(Exercise objective):
Your response should be an exact transcription of the data, images excluded.

(Information supplied):
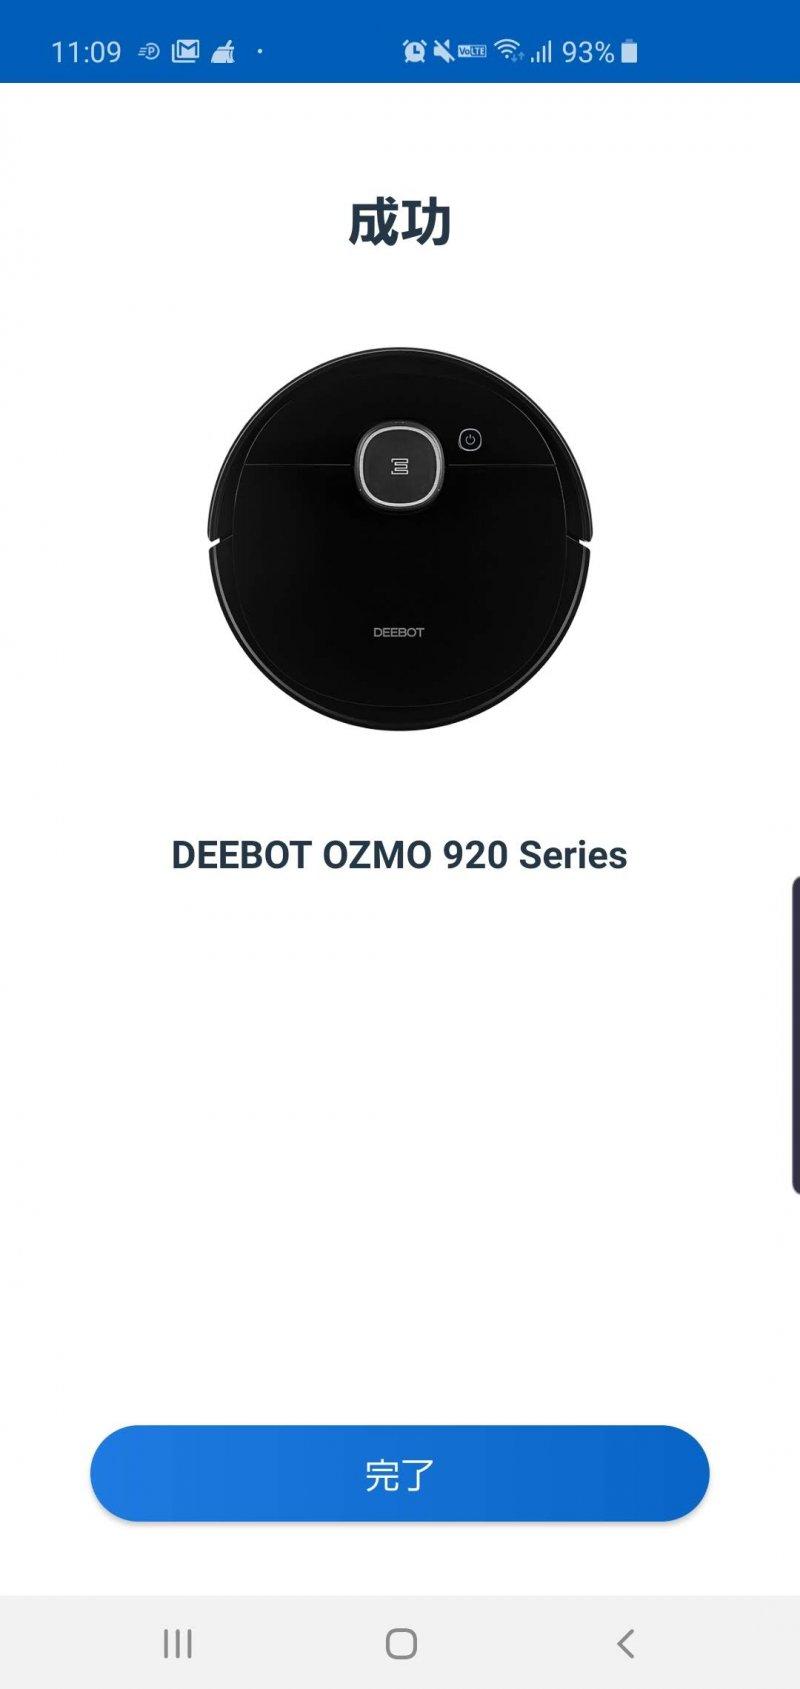 エコバックス「DEEBOT OZMO 920」
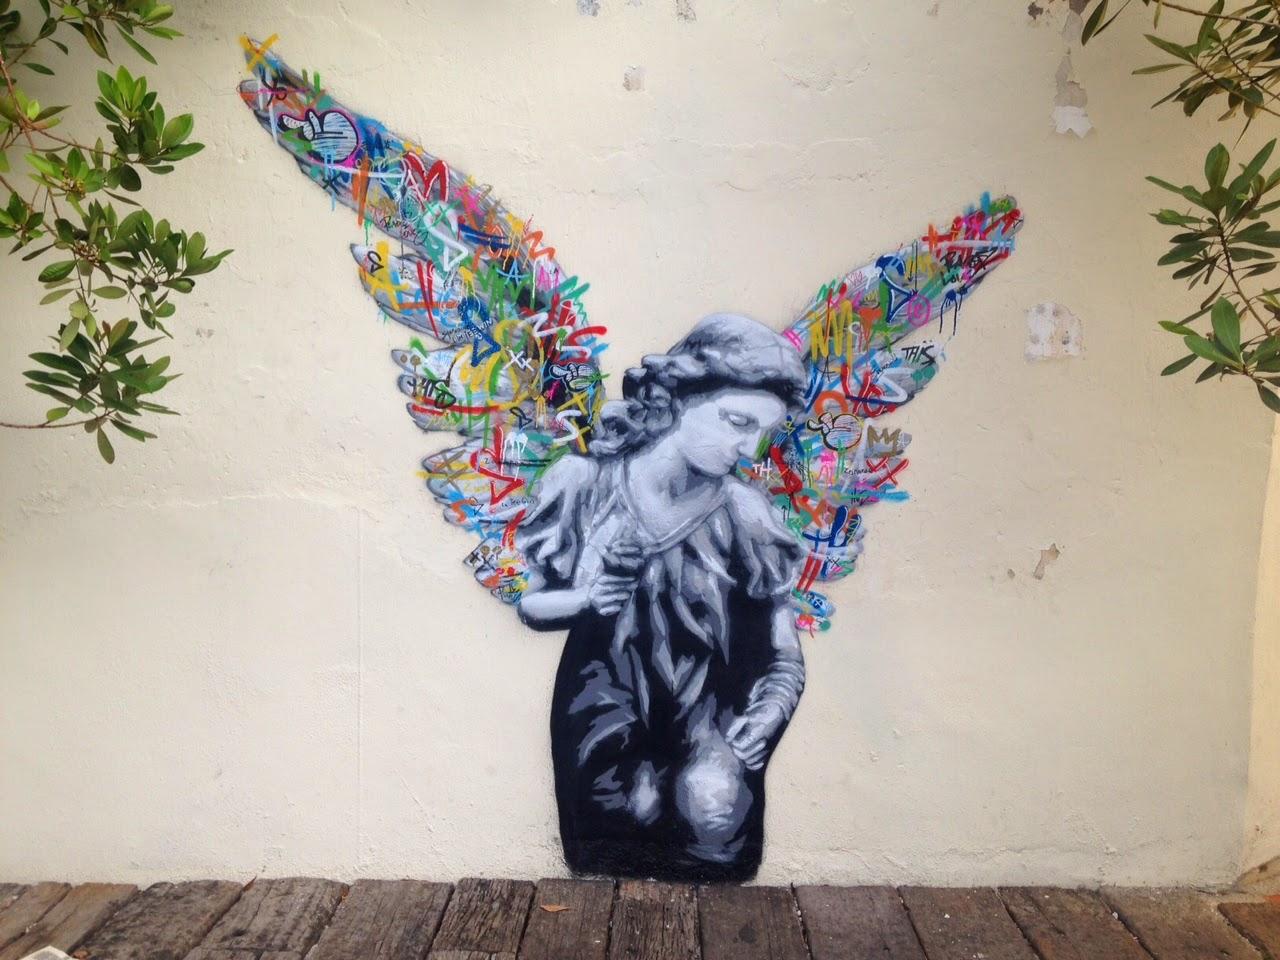 street-art-martin-watson
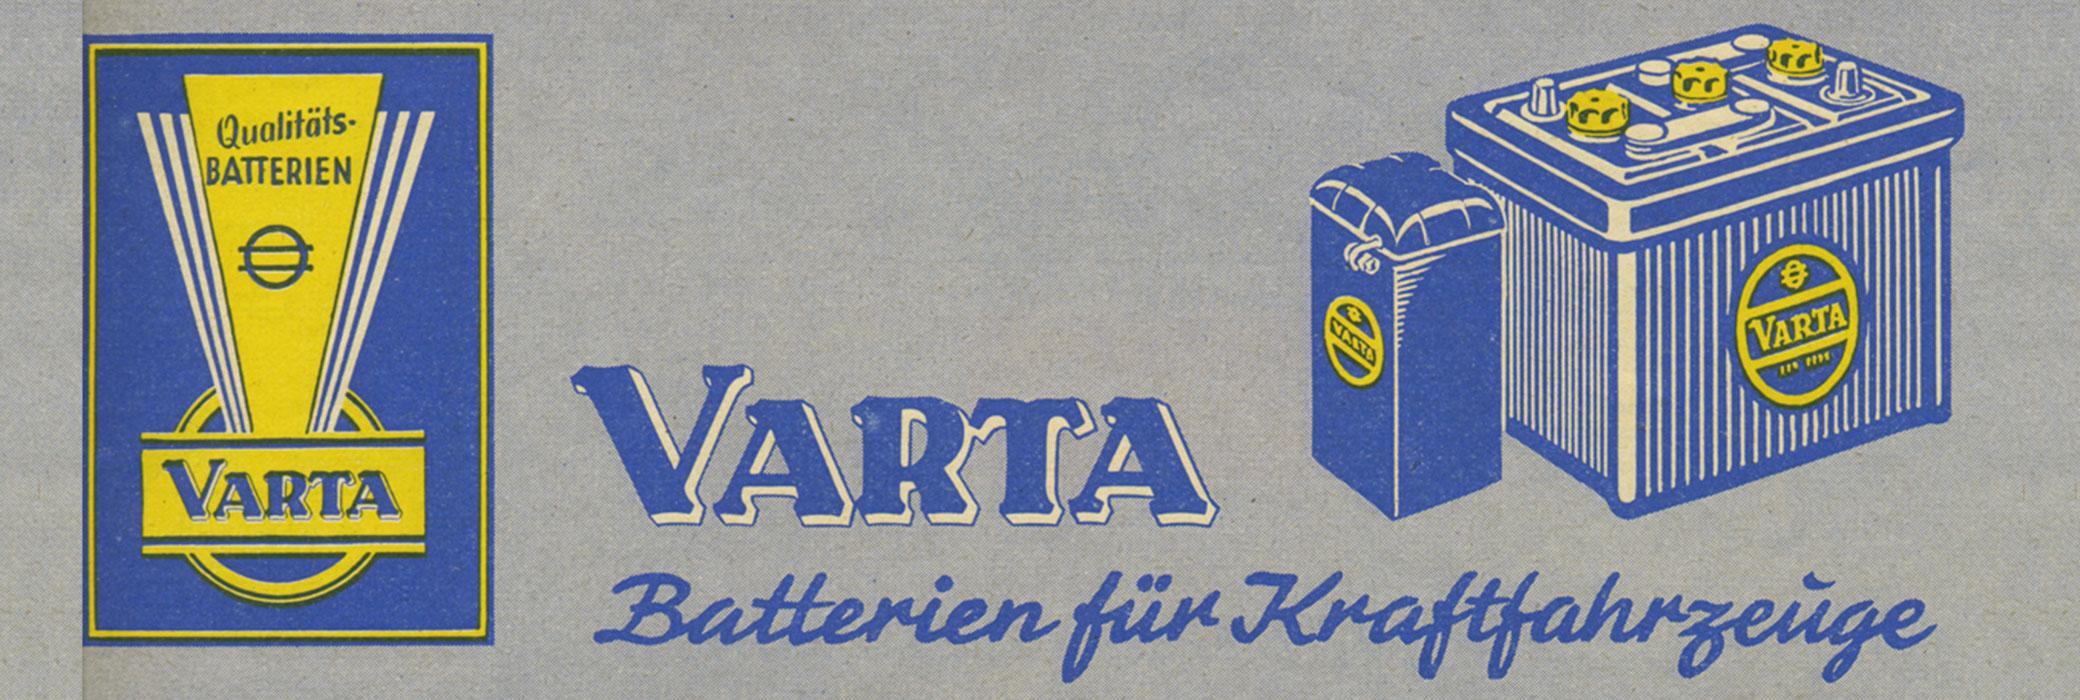 Star oglas VARTA® v rumeni in modri barvi
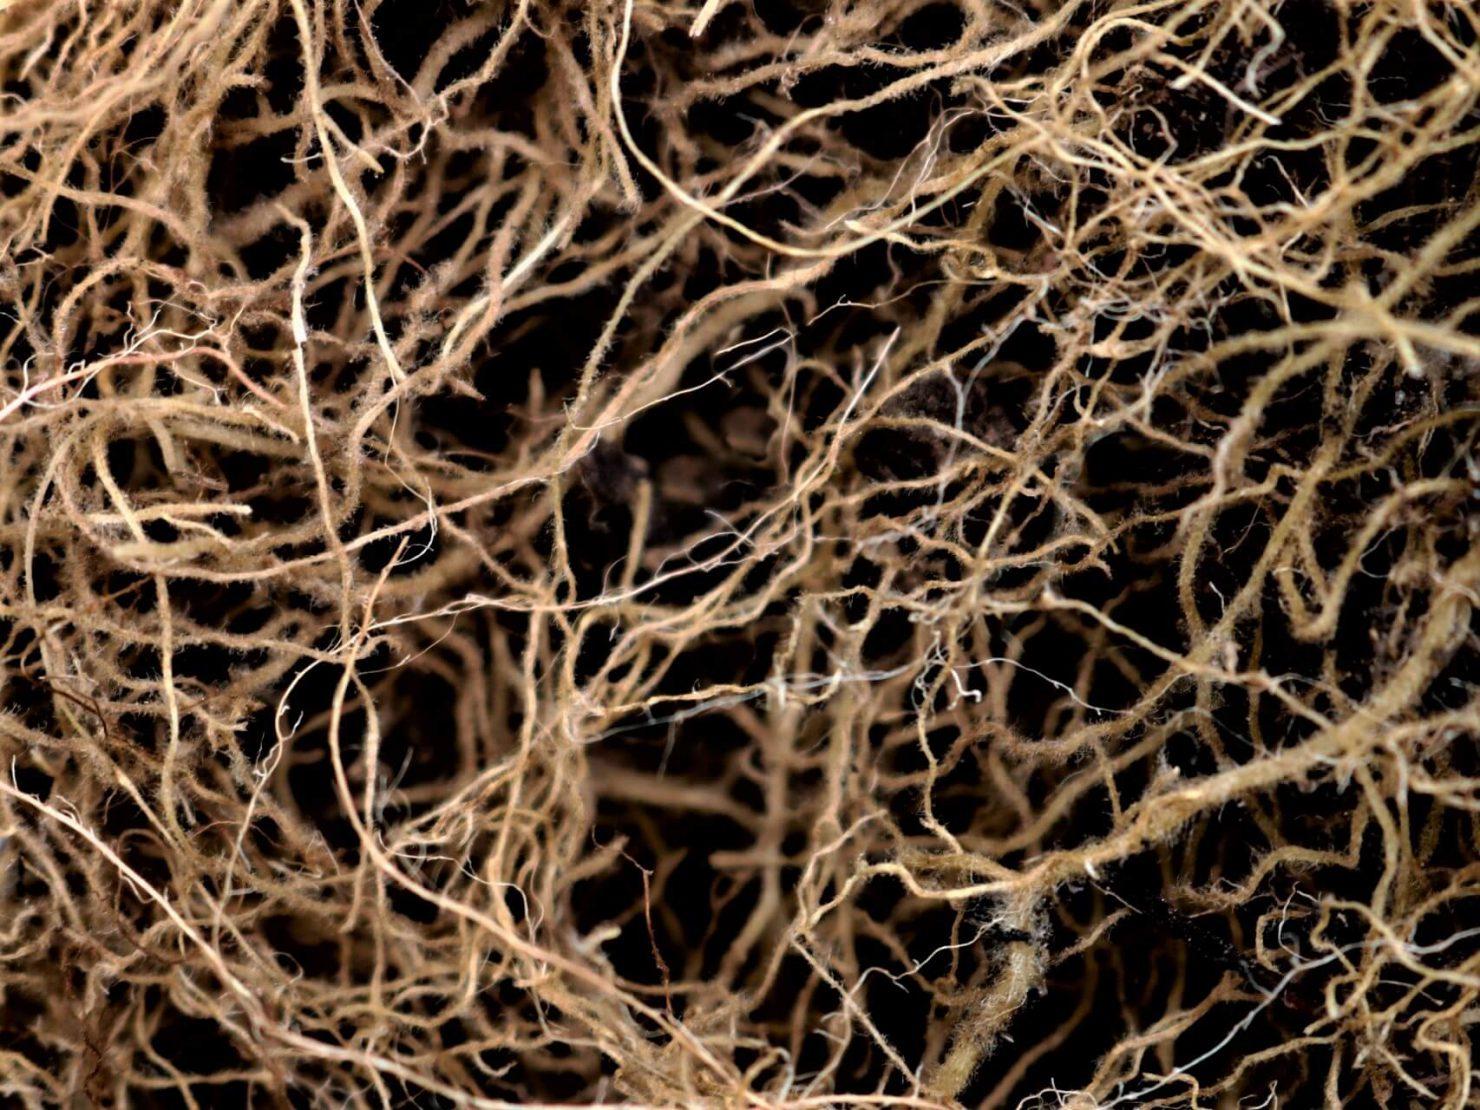 キャンディダパラプシローシス生菌製剤イメージ

(Solution below):
 エコバックス「DEEBOT OZMO 920」
 street-art-martin-watson
 Star oglas VARTA® v rumeni in modri barvi
 キャンディダパラプシローシス生菌製剤イメージ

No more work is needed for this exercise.